> **The data**:
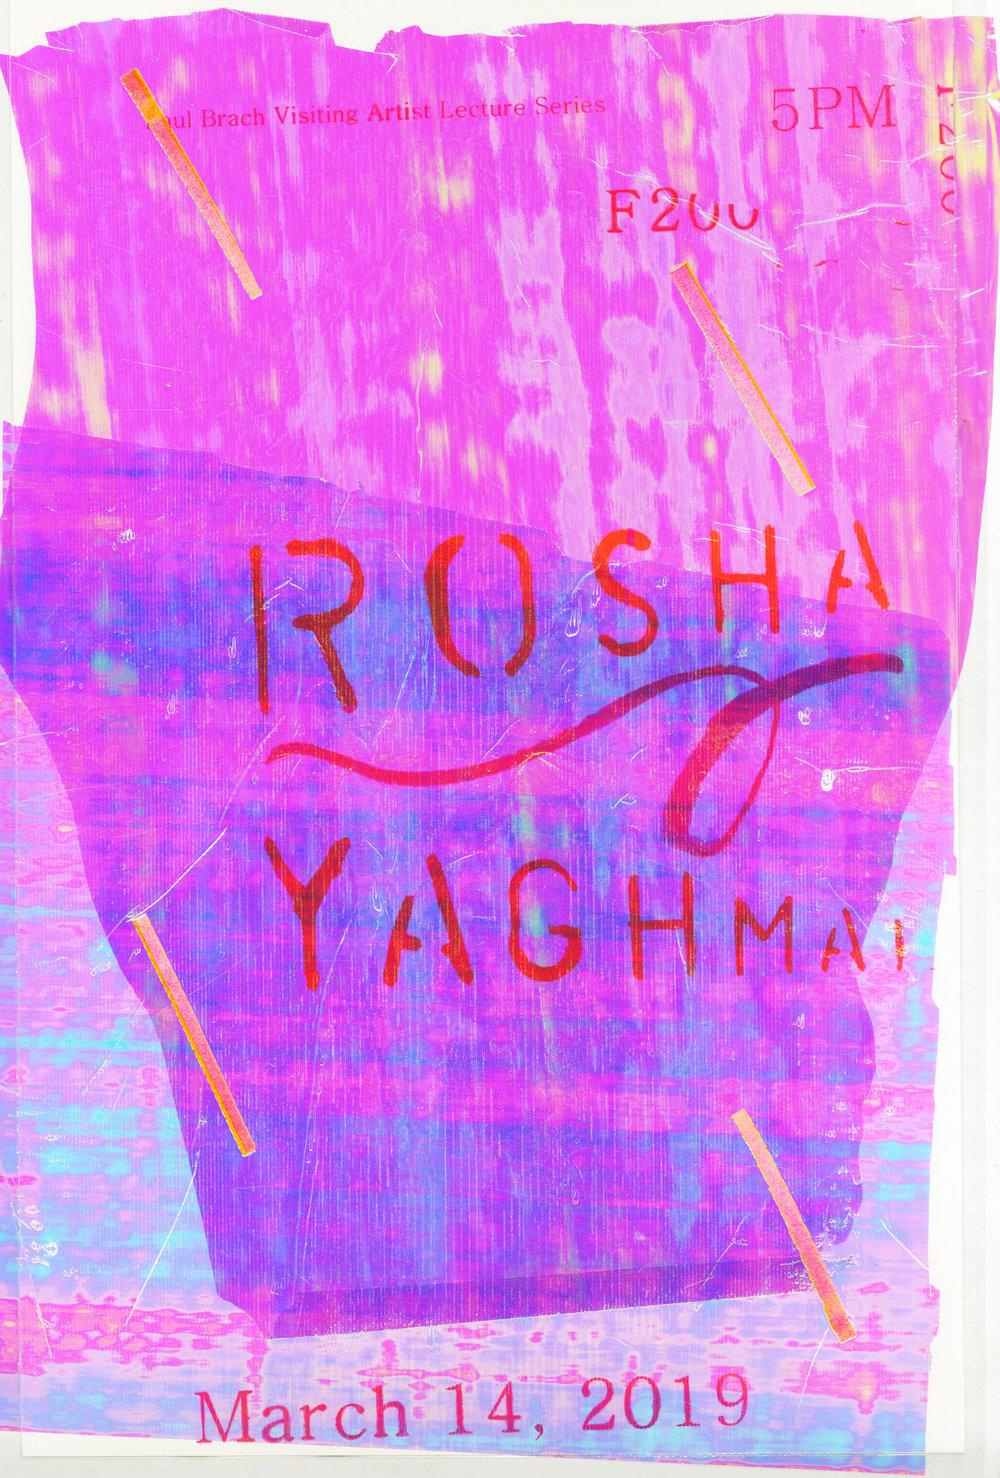 RoshaYaghmai1
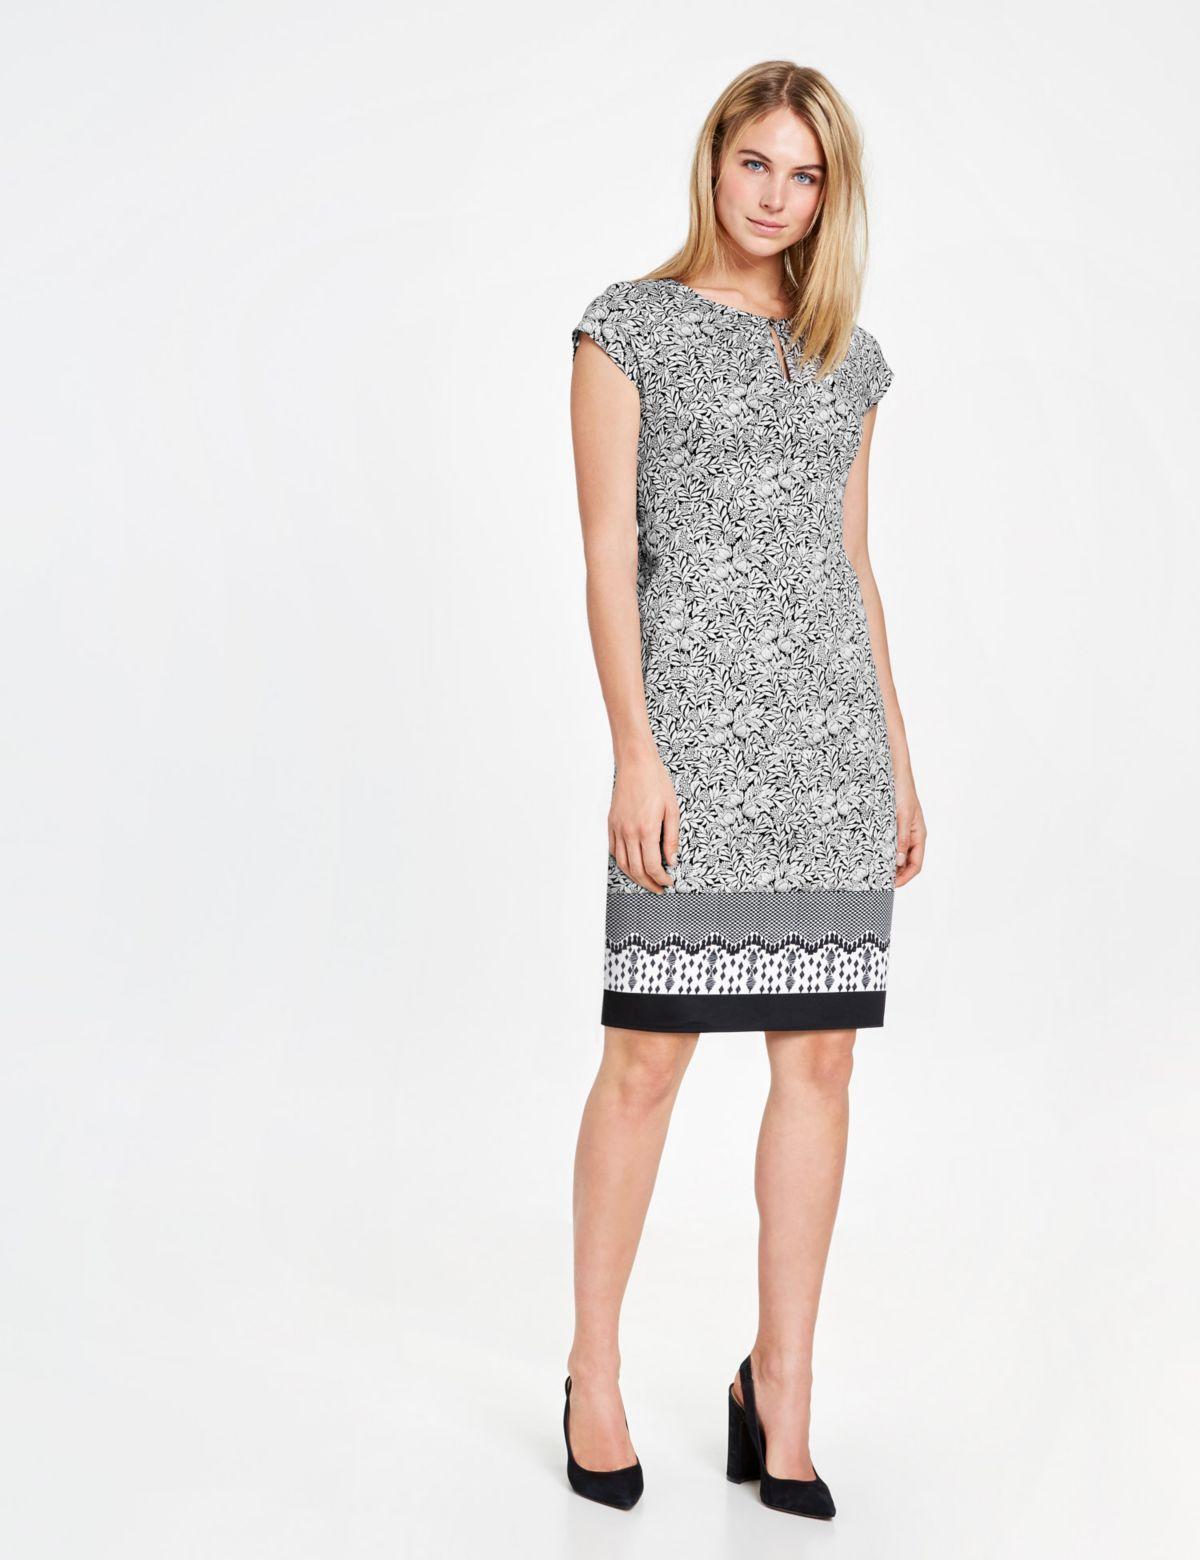 Taifun Kurz »etuikleid Print«Kleider Mit Allover Langarm Kleid F3TK1lcJ
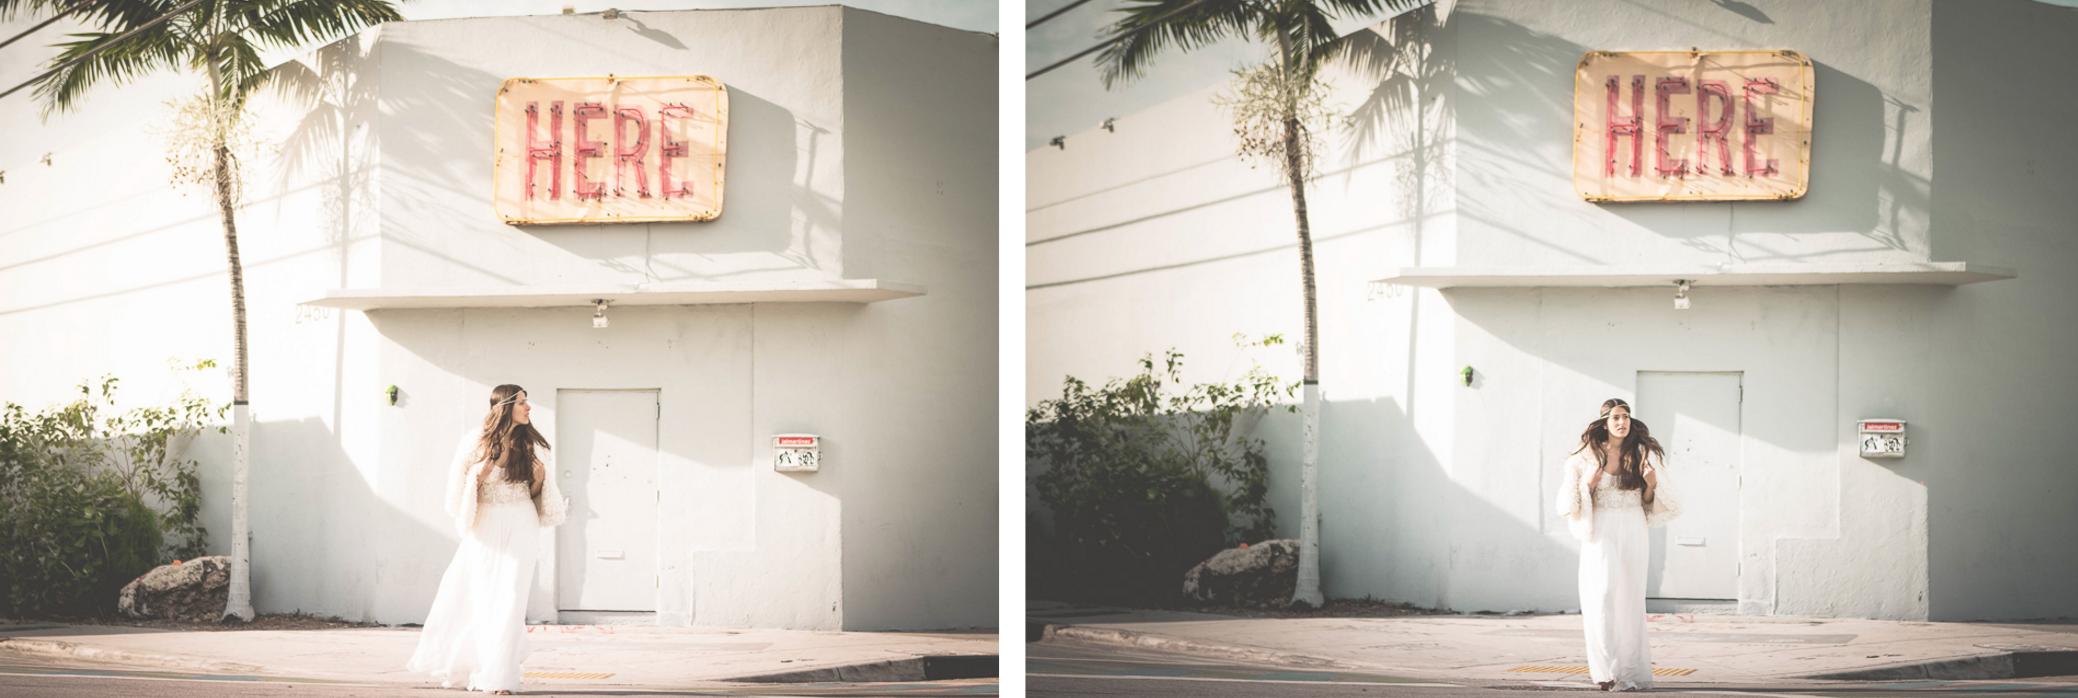 Bridal Inspiration Styled Shoot at Wynwood Walls - The Creatives Loft Miami Wedding Planner
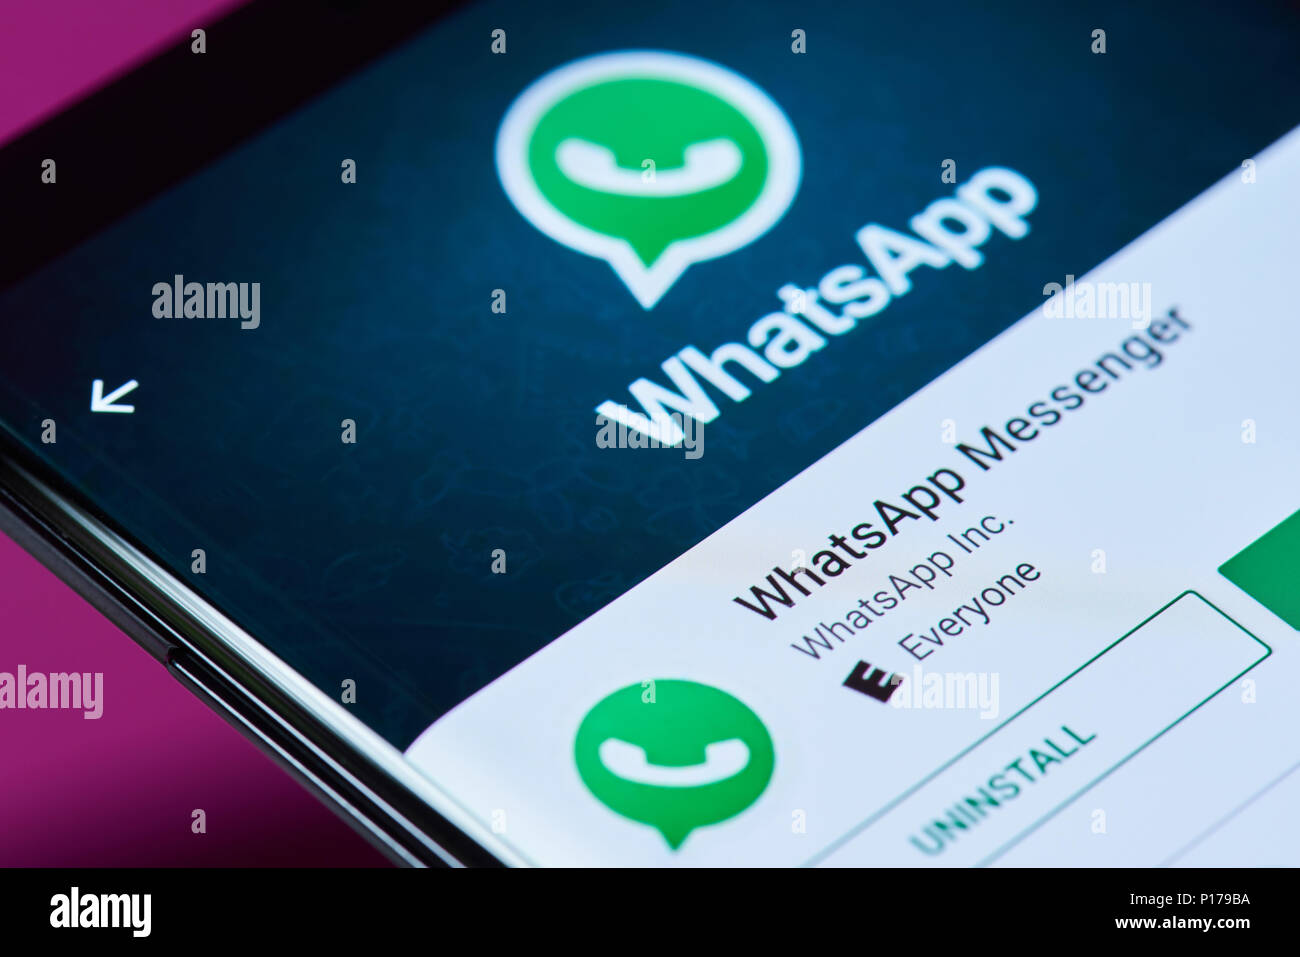 Whatsapp Stock Photos & Whatsapp Stock Images - Alamy

> **Task description**:
The lines from the one containing "Langarm Kleid F3TK1lcJ" through the final line of the data are to be repeated exactly, with both ends included and all pictures left out.

> **Result of this task**:
 Taifun Kurz »etuikleid Print«Kleider Mit Allover Langarm Kleid F3TK1lcJ
 Bridal Inspiration Styled Shoot at Wynwood Walls - The Creatives Loft Miami Wedding Planner
 Whatsapp Stock Photos & Whatsapp Stock Images - Alamy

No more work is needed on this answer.